Syphilis, sexe et peur : comment la maladie française a conquis le monde

L’histoire ne raconte pas qui a donné la syphilis à Cesare Borgia, mais nous savons quand et où il l’a contractée. Au cours de l’été 1497, il était un cardinal de 22 ans, envoyé comme légat papal par son père, le pape Alexandre VI, pour couronner le roi de Naples et négocier un mariage royal pour sa sœur, Lucrèce. Naples était une ville riche en couvents et en bordels (une juxtaposition fertile dans l’imagination masculine de la Renaissance), mais elle était également rongée par la maladie. Deux ans plus tôt, une force d’invasion française comprenant des troupes mercenaires de retour du nouveau monde, avait batifolé un moment pour profiter de leur victoire, et quand ils sont partis, ont ramené avec eux quelque chose d’inattendu et de mortel.

Son travail accompli, Cesare est descendu dans la rue. Machiavel, son contemporain et un homme à l’esprit aussi inflexible que sa politique, a laissé un récit glaçant de son accouplement avec une prostituée qui, lorsqu’il allume une lampe après, se révèle être une sorcière chauve et édentée si hideuse qu’il s’empresse de vomir sur elle. Étant donné le statut élevé de Cesare, les femmes qu’il choisissait étaient sans doute plus séduisantes, mais la maladie qu’elles lui donnaient (et dont elles souffraient elles-mêmes) allait se révéler vicieuse. Un chancre apparaît d’abord sur son pénis, puis des douleurs invalidantes dans tout le corps et une éruption de pustules suintantes qui démangent et couvrent son visage et son torse. Heureusement pour lui et pour l’histoire, son médecin personnel, Gaspar Torella, était un érudit en médecine qui s’intéressait vivement à cette nouvelle maladie étonnante et utilisait son patient (sous le pseudonyme de « Niccolo le jeune ») pour enregistrer les symptômes et les tentatives de traitement.

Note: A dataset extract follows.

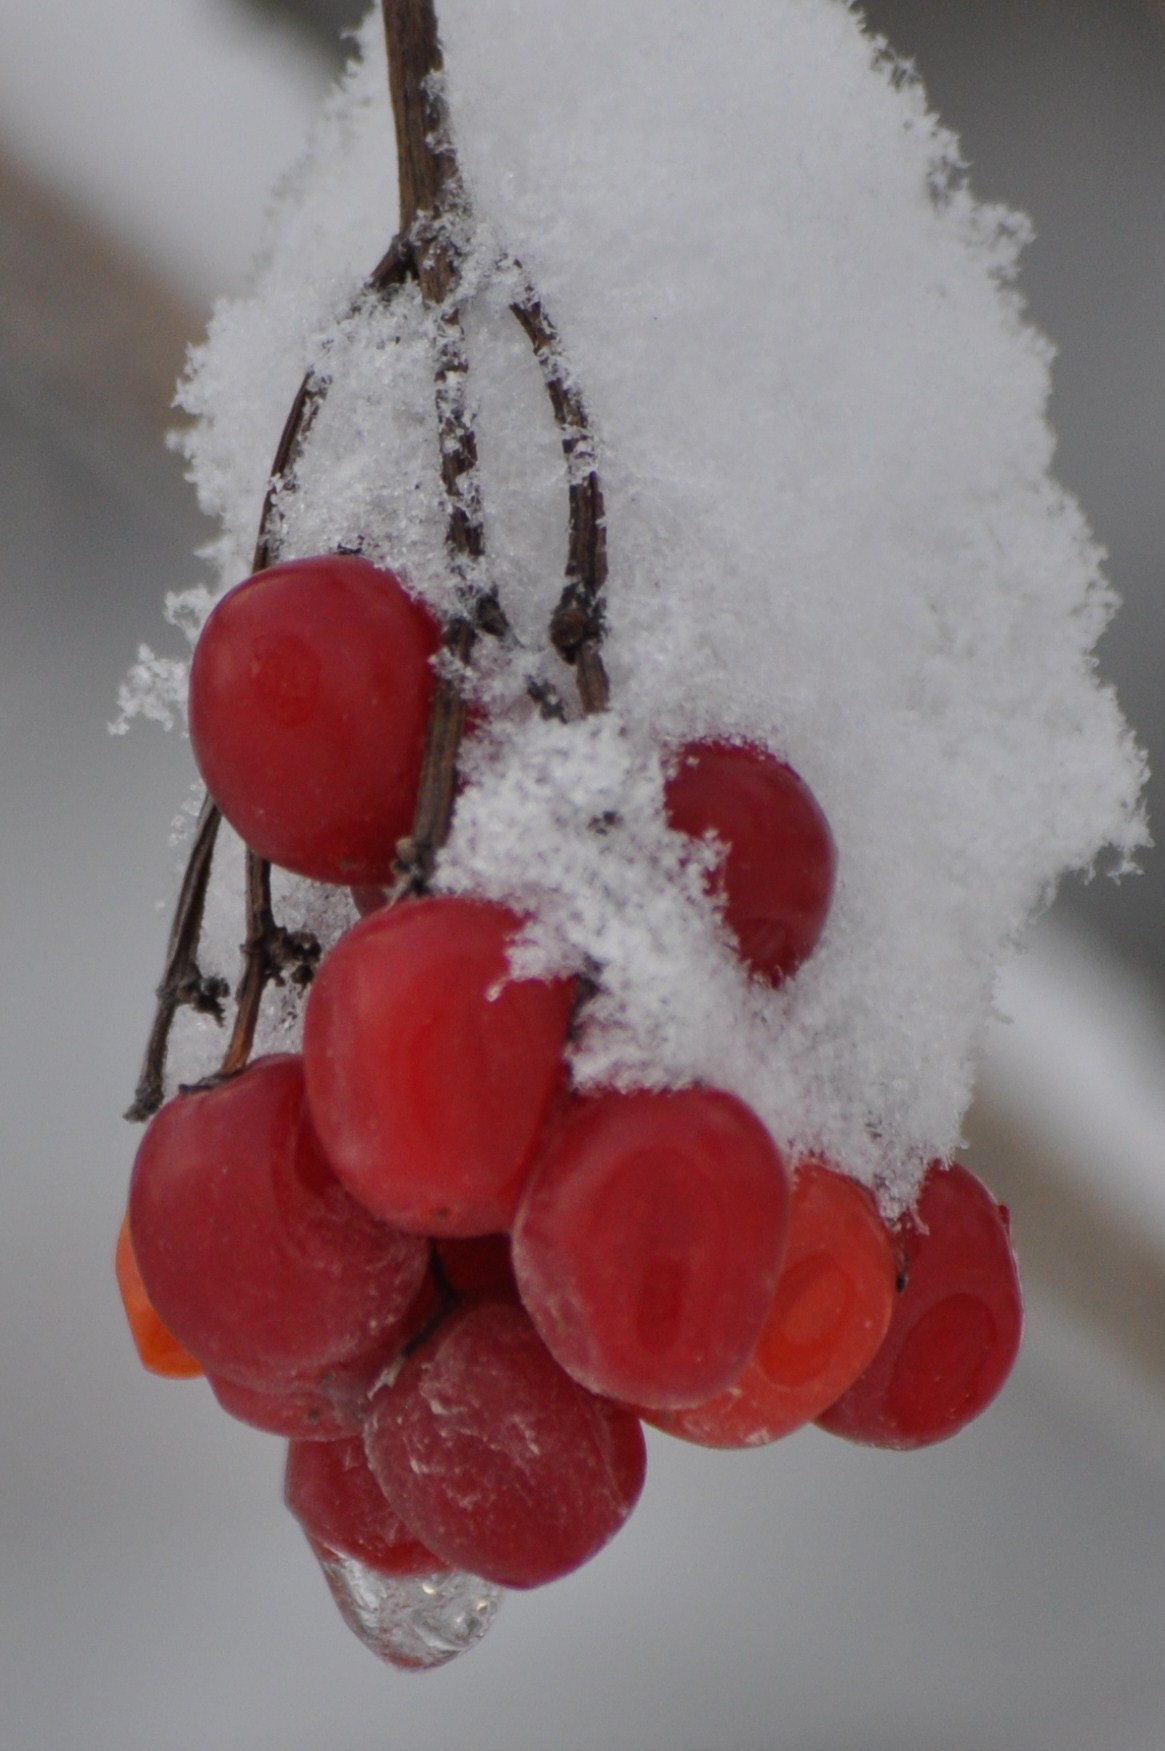 Frozen Berries In The Snow (user submitted)

Au cours des années suivantes, Torella et d’autres ont dressé la carte de la montée imparable d’une maladie qui faisait hurler d’agonie des hommes adultes dont la chair était rongée, dans certains cas jusqu’à l’os.

Je me souviens encore du moment, assis à la British Library, où je suis tombé sur les détails du traité de Torella dans un livre d’essais sur la syphilis. Il n’y a rien de plus excitant dans l’écriture d’une fiction historique que lorsque la recherche ouvre une fenêtre sur un tout nouveau paysage, et l’histoire de la façon dont cette peste sexuelle a balayé l’Europe dans les années 1490 a été l’un des points tournants de Sang et Beauté, le roman que j’écrivais sur l’ascension et la chute de la dynastie Borgia.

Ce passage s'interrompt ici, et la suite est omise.